Я попыталась открыть глаза, но ничего не получилось. Либо я еще толком не очнулась, либо Гаррет раздобыл тюбик суперклея и рассчитался со мной за сальсу на сиденье. Дожидаясь, пока до моих век дойдет, что вообще-то от них требуется разлепиться, я слышала, как Своупс бормочет в рацию что-то о пульсе, который прощупывается. О таком всегда приятно узнать. Он держал пальцы у меня на шее.
— Я здесь, — напряженно выпалил в рацию дядя Боб. Потом до меня донесся звук шагов по металлическим ступеням и сирены вдалеке.
Гаррет, должно быть, почувствовал, что я очнулась.
— Коллега, мне кажется, мы ее теряем, — сообщил он дяде Бобу, который с трудом шагал к нам по решетке. — Придется делать искусственное дыхание, другого выхода у нас нет.
— Только попробуй, — ответила я, все еще не в силах открыть глаза.
Гаррет усмехнулся.
— Черт тебя дери, Чарли, — прохрипел дядя Боб, и в его голосе слышалась скорее тревога, чем злость.

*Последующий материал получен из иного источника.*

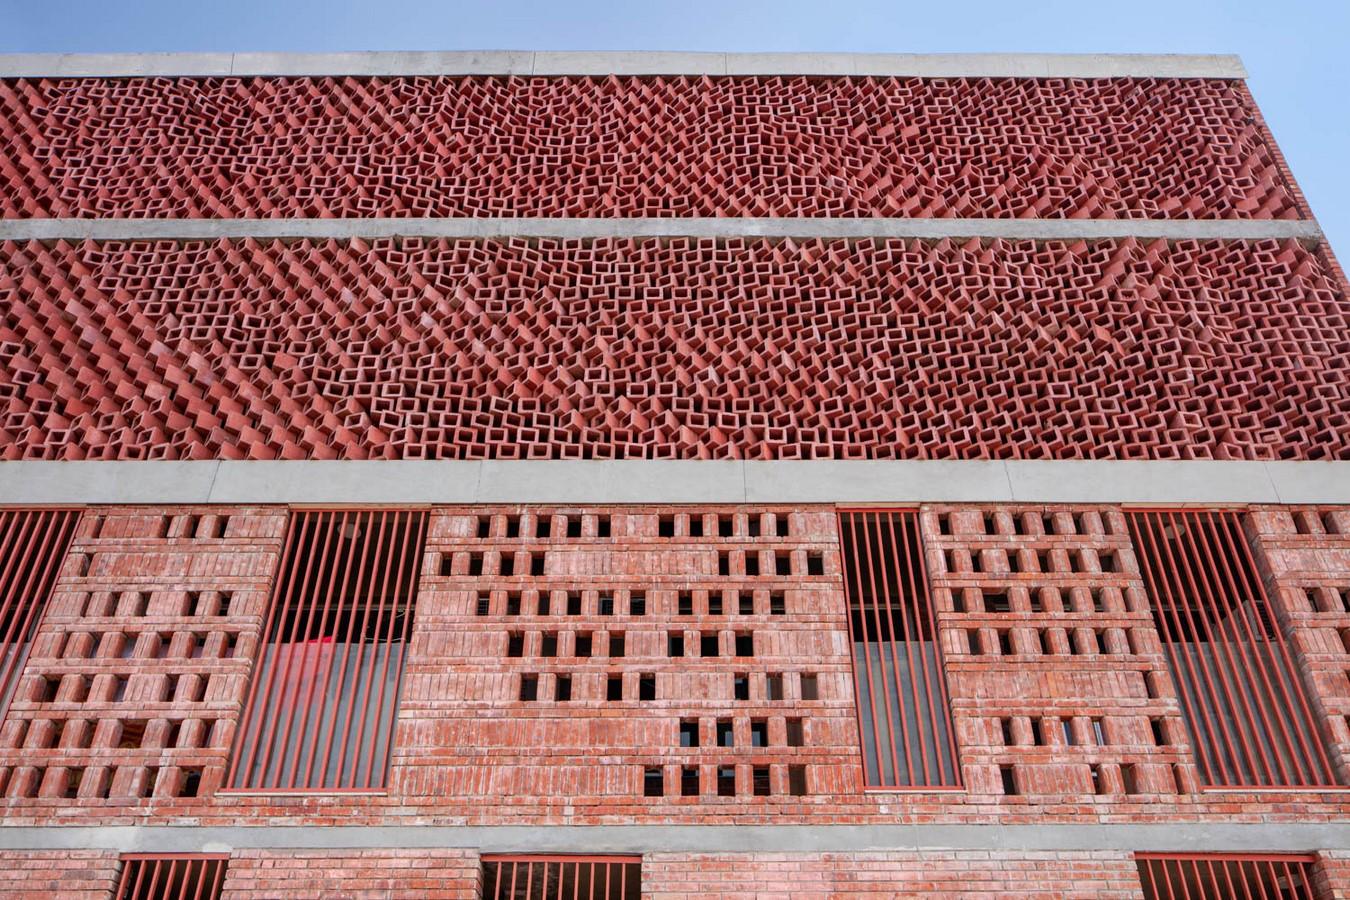 Girls' Hostel Featuring Free-Standing Façade In Gurugram built by Zero Energy Design Lab - Sheet8

Наверно, резиновый браслет на запястье все-таки подействовал. — Что произошло?
— Я упала.
— Не дури.
— Кто-то меня ударил.
— Опять? Вот уж не думал, что эта неделя по всей стране проходит под девизом «Убей Чарли Дэвидсон».
— Может, передохнем хоть денек? — встрял Гаррет. Должно быть, дядя Боб бросил на него свой знаменитый свирепый взгляд, потому что Своупс вскочил на ноги, выпалил: «Ладно, пойду работать» и ушел — по всей видимости, искать нападавшего.
Сирены приближались, и я услышала шарканье ног внизу.
— Ты ничего не сломала? — Голос дяди Боба смягчился.
— Кажется, веки. Не могу открыть их.
Я услышала негромкий смешок.
— Будь на твоем месте кто другой, я бы сказал, что веки сломать нельзя. Но в случае с тобой…
Я слабо улыбнулась:
— Значит, я особенная?
Дядя Боб фыркнул и ощупал меня, нет ли где перелома.
— Особенная — это слабо сказано, девочка моя.
Чудеса случаются. И я — живое тому доказательство. Не сломать ни единой косточки и уйти на своих ногах (ну ладно, хромая и с посторонней помощью) после такого падения — вот уж действительно Чудо из чудес. С большой буквы.
— Необходимо сделать рентген, — сказал дяде Бобу врач «скорой», когда я валялась на носилках.
Врачи мне понравились.
— Вам просто не терпится меня ощупать, — ответила я, схватила серебристый прибор, на удивление похожий на инопланетный зонд, сломала его и стремительно положила на место, надеясь, что из-за меня жизнь какого-нибудь пришельца не повиснет на волоске лишь оттого, что врач не сможет ввести ему зонд в нужное отверстие.